The global clinical development landscape is undergoing a period of recalibration. Rising trial costs, constrained funding environments, and persistent macroeconomic pressures such as inflation are forcing sponsors to rethink how and where they conduct studies. These pressures are not abstract; they translate directly into slower development timelines, delayed decision-making, and increased risk for sponsors. At the same time, the urgency for new therapies has not diminished.

In this evolving landscape, Contract Research Organizations in India and globally play a critical role in enabling efficient clinical development. As sponsors increasingly explore multi-regional clinical trials (MRCTs), selecting the right countries and partnering with the top CROs in India becomes essential for ensuring successful execution, faster recruitment, and regulatory acceptance.

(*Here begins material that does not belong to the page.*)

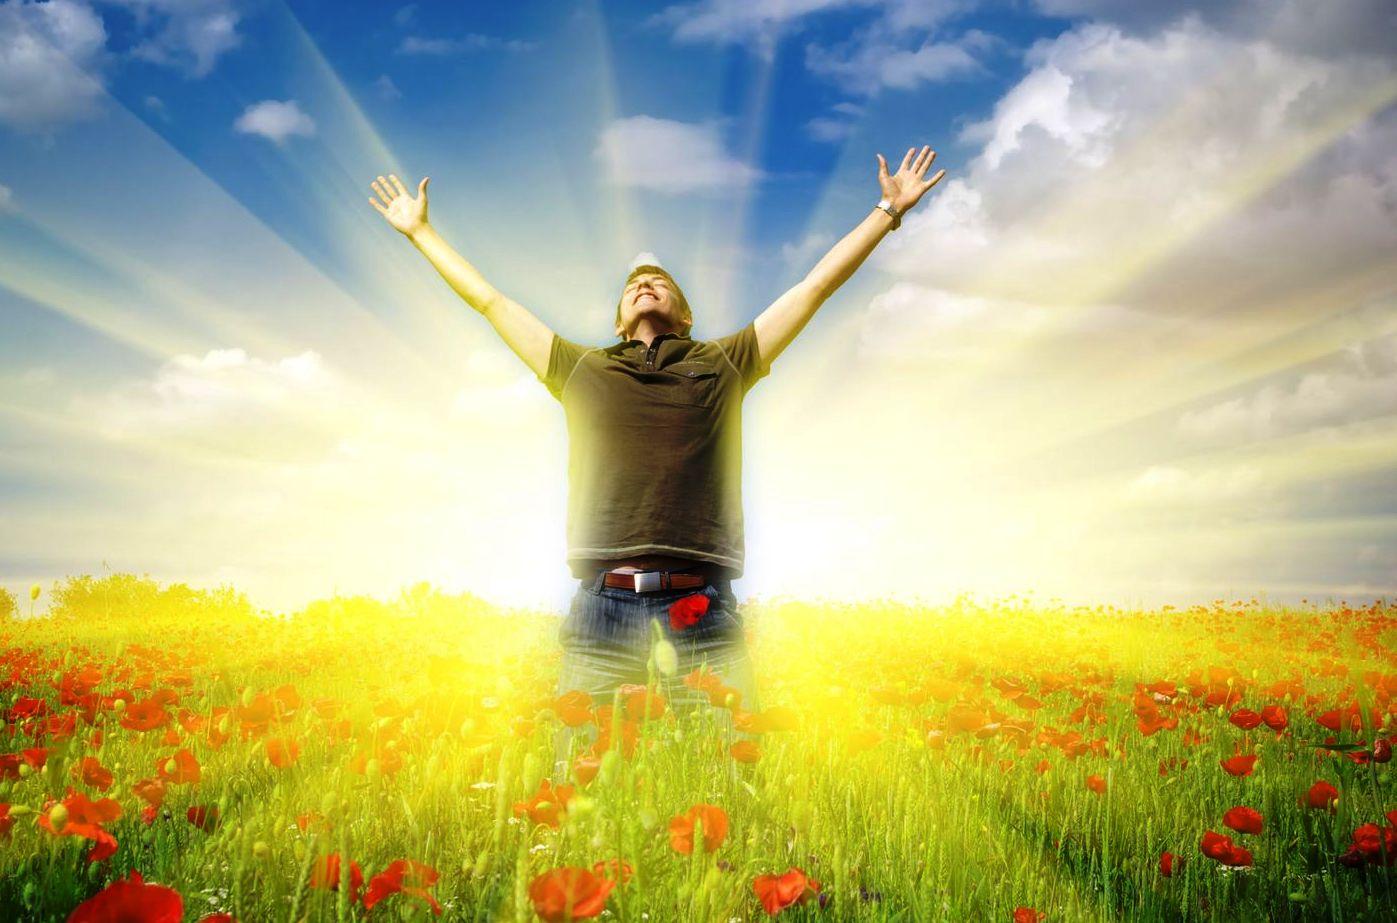 строки красивая картинка солнышко всегда радость для мужчин холла

In several indications, particularly those with a clear unmet medical need, multiple sponsors are pursuing development programs simultaneously. While this reflects scientific progress, it also creates a highly competitive clinical trial environment. When multiple trials target the same patient population within the same geographies, enrollment becomes a bottleneck. Competitive recruitment slows down timelines, increases costs, and can even compromise study feasibility.

One of the most practical and effective ways to address this challenge is through strategic expansion into additional geographies, executed not as an afterthought, but as a core component of trial design within multi-regional clinical trials (MRCTs).

Top CROs in India

Understanding Multi-Regional Clinical Trials (MRCTs)

A multi-regional clinical trial (MRCT) is designed to generate data across multiple regions simultaneously, with the intent of supporting global or near-simultaneous regulatory submissions.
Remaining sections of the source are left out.